Figure 19 depicts them as follows:
History: This represents the globally targeted traces. These reports show a general overview that represents the main objective and is the heart of our framework. This trace generates exactly a complete trace mobility model. They define a data set that records all registered events during the whole deployment and test period. It also depicts the vehicle identifier, brand, full timing, longitude, latitude, and current speed. We obtain a coherent report with any losses due to detecting, correcting and preventing in advance the most occurred deployed problems. Moreover, all of the developed functionalities are combined in order to achieve and enhance the most effective collection strategy.
Traveling: This is a sub-report of the “Morocco traces” system, which just records the traveling trajectories to and from predefined locations and includes the details of any event.
Parking: This is a sub-trace of “Morocco traces”. It produces a log of all the information regarding the vehicle parks.

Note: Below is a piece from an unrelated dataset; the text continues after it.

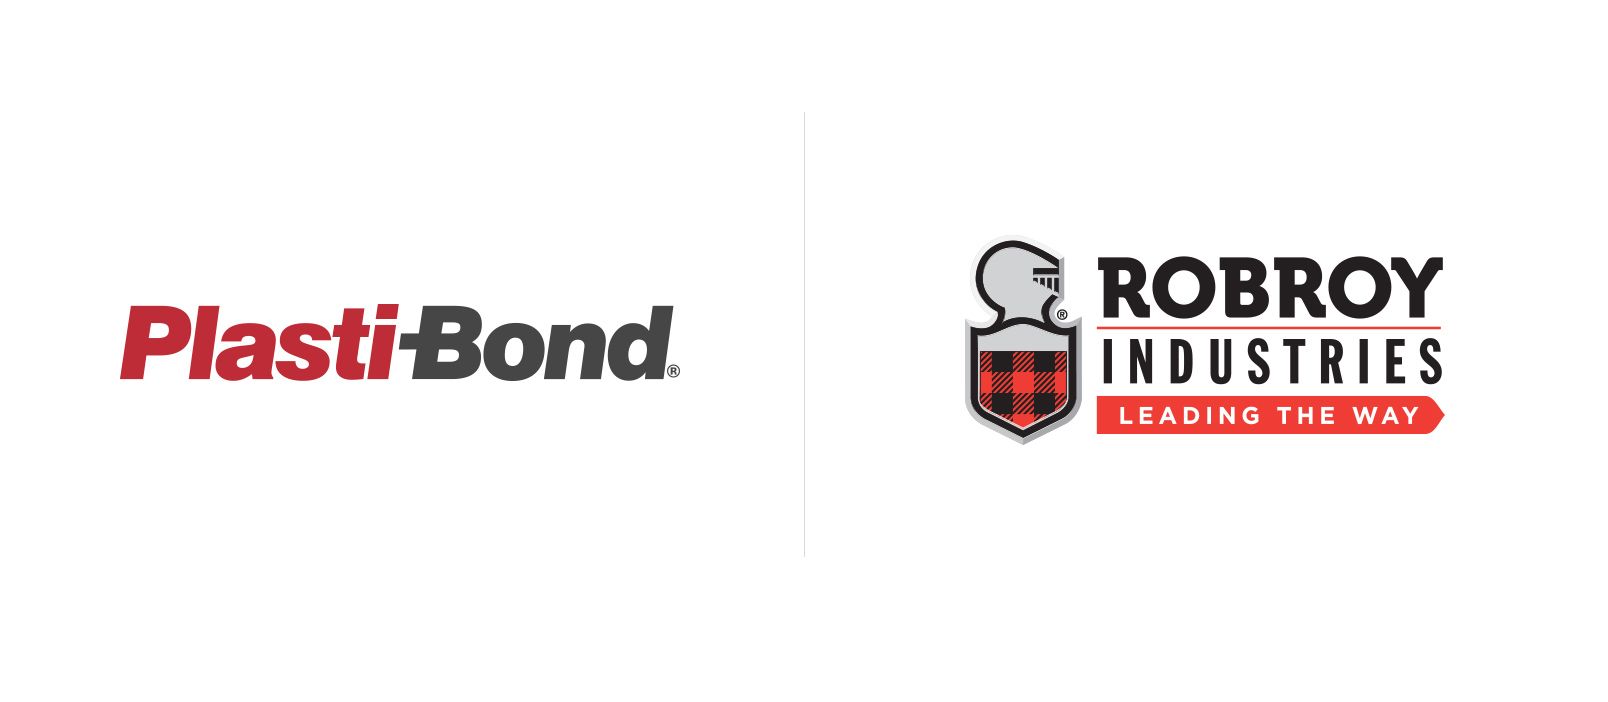 PB and Robroy Logos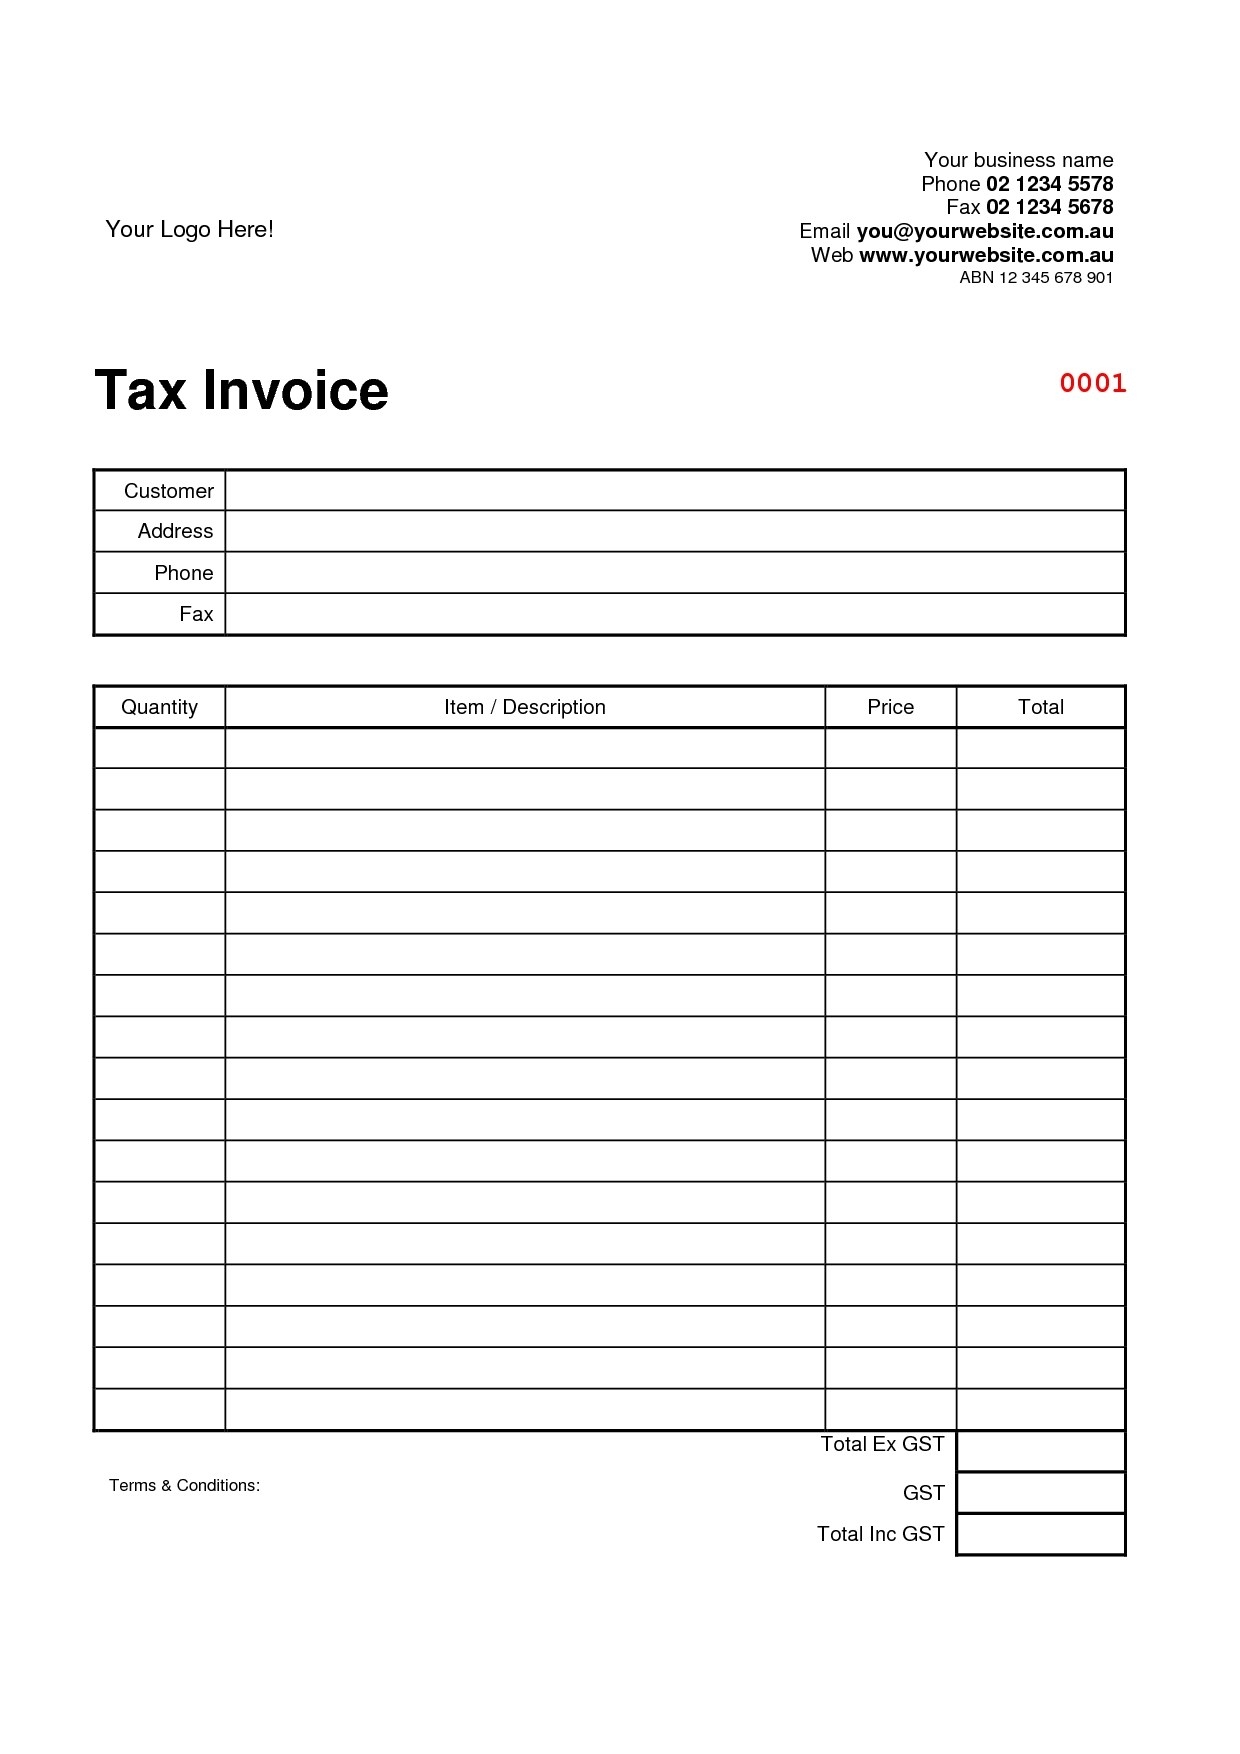 invoice style free invoice design template free excel invoice basic tax invoice template

Traveling and parking reports are obtained to verify the consistency and stability of the collected data set. These reports can be downloaded as text files or visualized as statistics. A comparative summary of the parameter details of some mobility traces and our proposed trace is outlined in
Table 2.
In the deployed test, the recorded trace corresponds to 36 vehicles in the first version of “Morocco traces”. In the future, we aim to further extend our experiments using as many vehicles as possible, including heterogeneous ones. For this reason, as shown in
Figure 20, we have developed a website with the aim of attracting more companies that would allow us to manage their transport fleets. (The website is available at:
http://www.gps-maroc.ma/). An important number of mobile devices allows for deep testing and analyzing the server performances in terms of framework synchronization, speed treatment and data storage.
6. Conclusions
Up to today, several trace mobility models have already been developed in which recorded traces’ results obtained during testing phases are just extracted from the returned devices. This classical deployment strategy has several drawbacks such as equipment loss, unpredictable hardware resets, non-supervision of battery remaining power, and a large variety of problems. In this paper, we propose a novel trace collection approach that avoids the aforementioned deployment issues. Hence, we have designed and developed a complete localization environment operating in real time, which is connected to a GPS aimed at generating tracks. The deployed system provides several functionalities for monitoring, recording, alert management, reporting, and generation of statistics. This platform can be deployed for different purposes such as human mobility, animal surveillance, and vehicle localization. The system was deployed and tested during seven months, resulting in the set of results, so-called ’Morocco traces’, which provided real-time traces based on a smart collecting data process. Future research activities will focus on improving the system by adding new languages, such as multilingual capabilities, and increasing the number of simultaneous vehicle traces by extending its use to thousands of vehicles, especially transport companies to efficiently manage their fleets. This activity is aimed at promoting Casablanca as the first smart city in Africa that collects human traces.